The power of the district attorney
Kohn underscored the power that prosecutors such as the district attorney have in deciding how many charges to levy on a defendant. The burden can be so heavy that the person feels he or she has no choice but to plead guilty to a reduced slate of charges because being convicted at trial of the dozens of counts they’re charged with would mean a massive prison term.

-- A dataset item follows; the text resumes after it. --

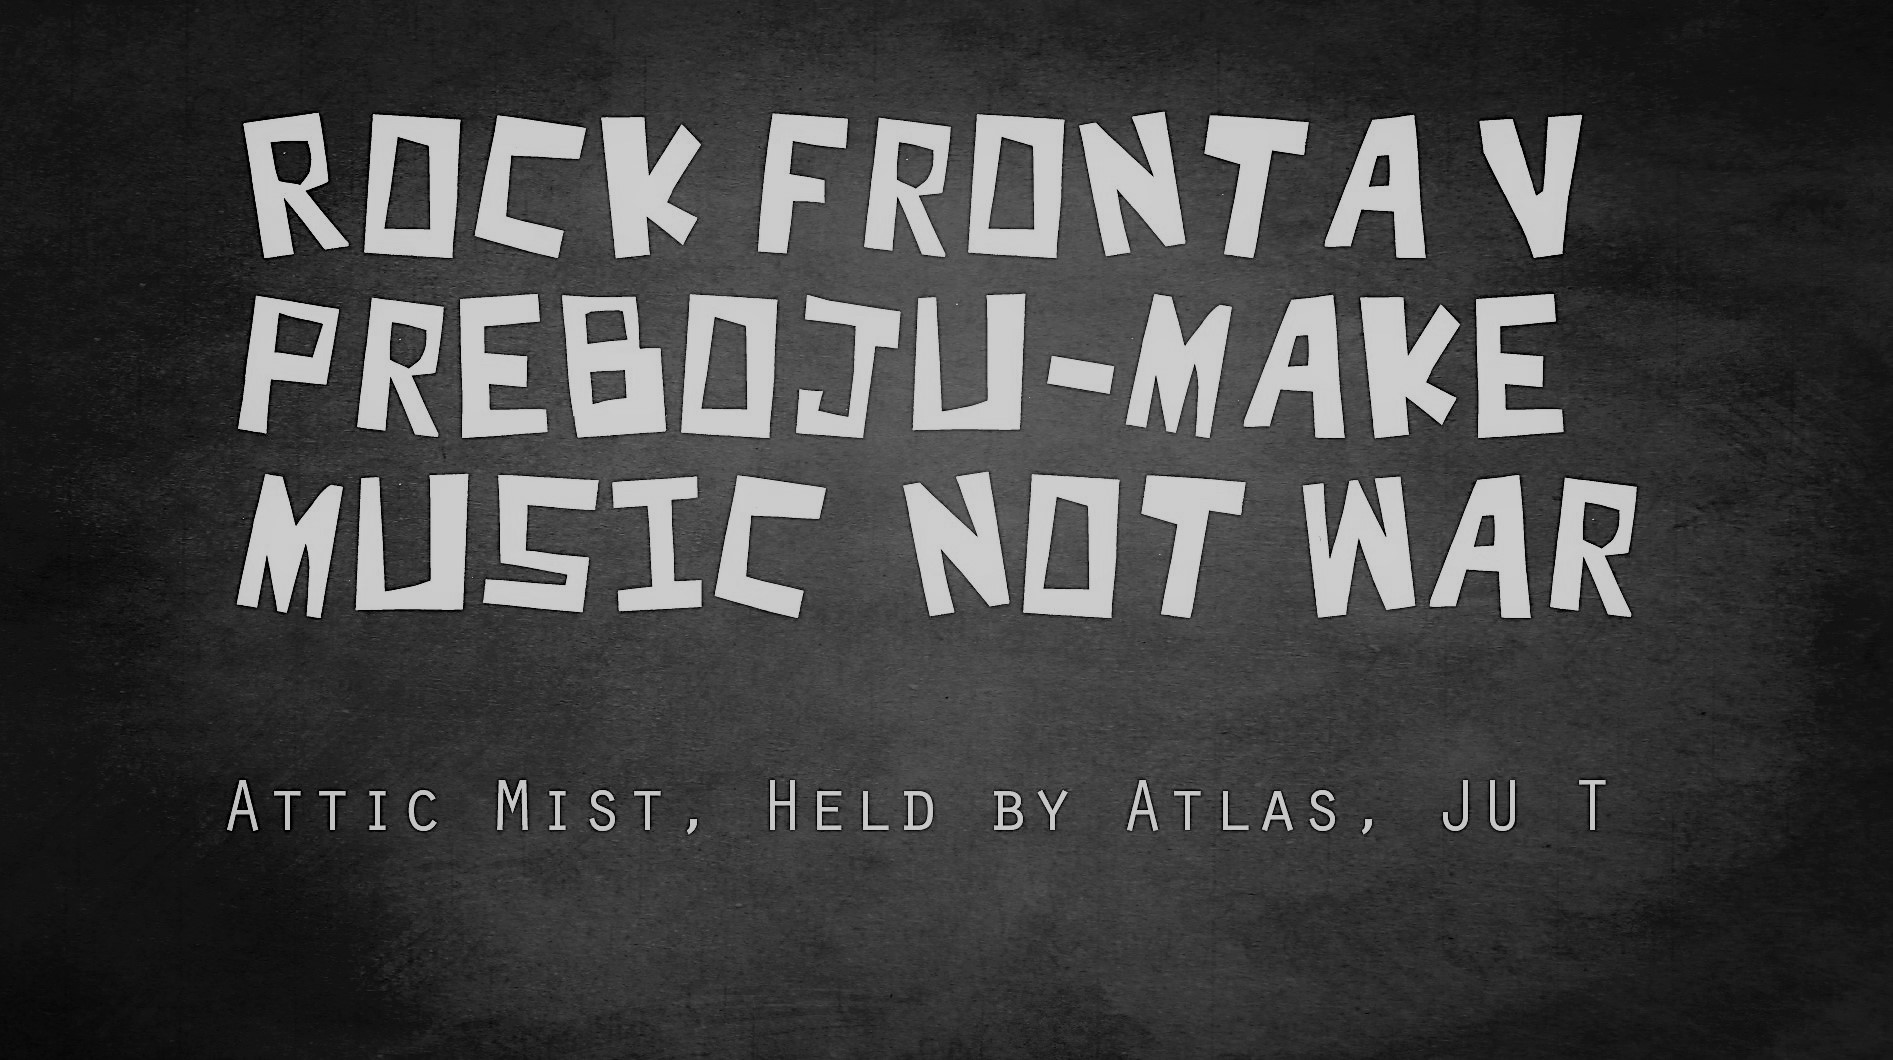 Rock fronta v preboju/make music-not war: Attic Mist, Held by Atlas,  JU T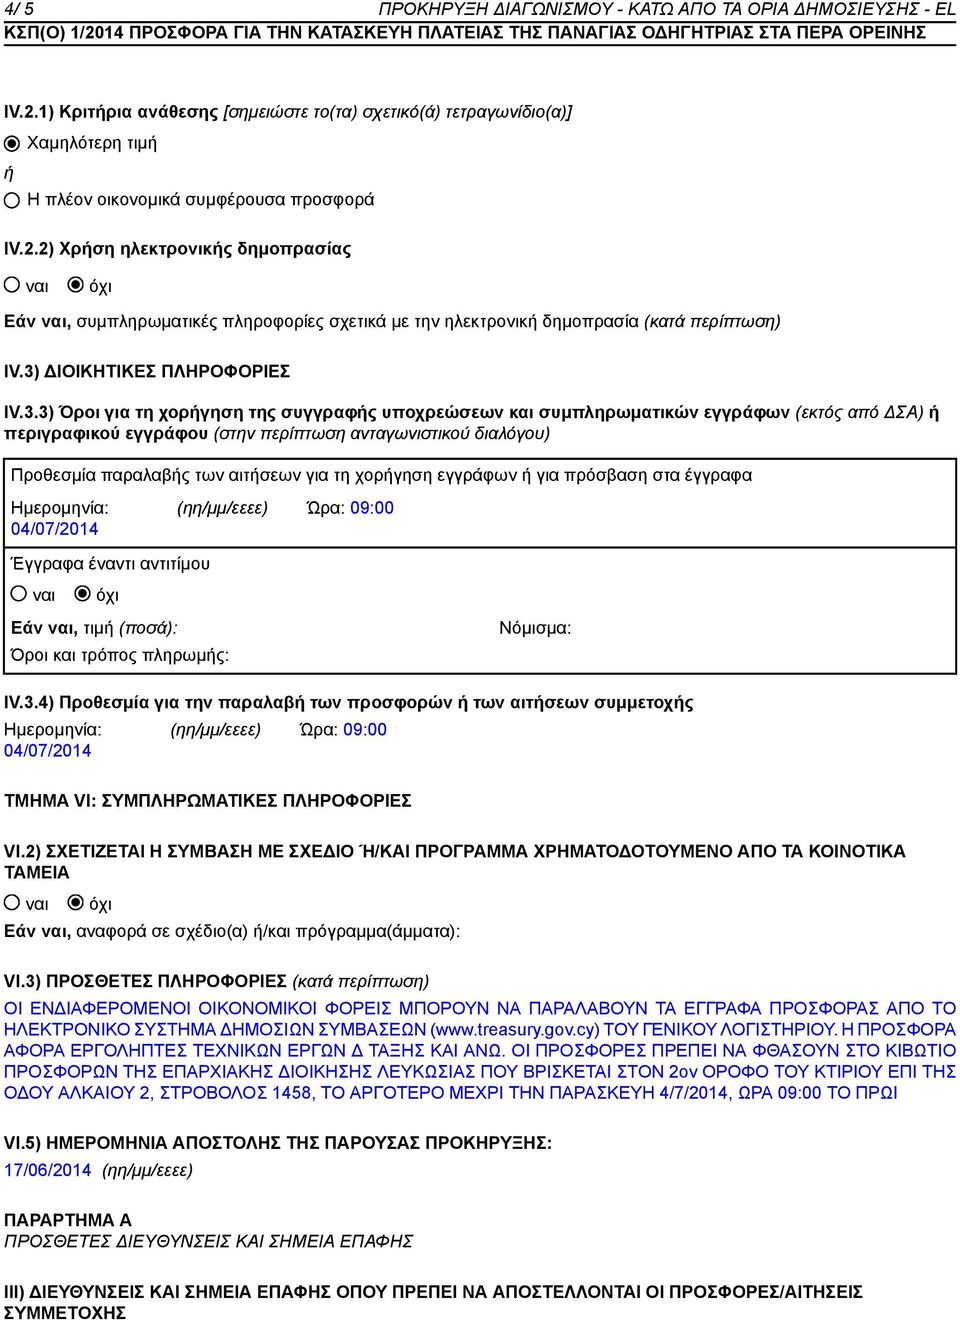 Προθεσμία παραλαβής των αιτήσεων για τη χορήγηση εγγράφων ή για πρόσβαση στα έγγραφα Ημερομηνία: 04/07/2014 (ηη/μμ/εεεε) Ώρα: 09:00 Έγγραφα έναντι αντιτίμου Εάν, τιμή (ποσά): Όροι και τρόπος

“You want to know how you change the system? You’ve got to vote for and elect a DA who promises they’re not going to do that,” he said. “The power in the system is not with the bench. The power in the system is with the prosecutor. They’re the ones who decide what to file and what they’re going to seek as a punishment.”
Most cases don’t go to the trial phase and instead end in a plea bargain. Kohn said it’s possible to put up a fight against the plea deal-heavy system, but it’s risky.
“If we got every one of our clients to say ‘screw this, we’re going to trial,’ it’ll stop the system. Everyone in my office knows that,” he said. “The question is, who among you wants to be the sacrificial lamb that does want to do 30, 40, 50 years in custody, because you’re the one that went out first and said, ‘I’ll be the one to try my case,’ when they’re offering you a chance to go home if you take their deal?”
Little spoke about why she ultimately decided to plead guilty to 28 counts of health-care fraud and 10 counts of money laundering. She said prosecutors who were irked she didn’t take their initial deals were making her an offer that would have carried a much heftier prison term.
“In general terms, it’s bullying,” she said. “A lot of my family wanted me to go to trial, and I didn’t see any way of winning.”
One woman she met at a prison camp in California had rejected a plea deal that would have given her an 18-month sentence. Instead, she was convicted at trial and sentenced to 12 years.
Langford said one way to curb overzealous prosecution is to do what progressive Philadelphia District Attorney Larry Krasner is doing — requiring prosecutors who want to cut a plea deal with a defendant to calculate how much it will cost taxpayers to incarcerate them, including the opportunity cost of that person having a criminal record when they leave jail and justify the expense.
He said prosecutors who overcharge a person should be subject to disciplinary action.
“I’ll tell you how you sell this to the taxpayers — you tell them it’s expensive to keep people in prison and in jail,” he said.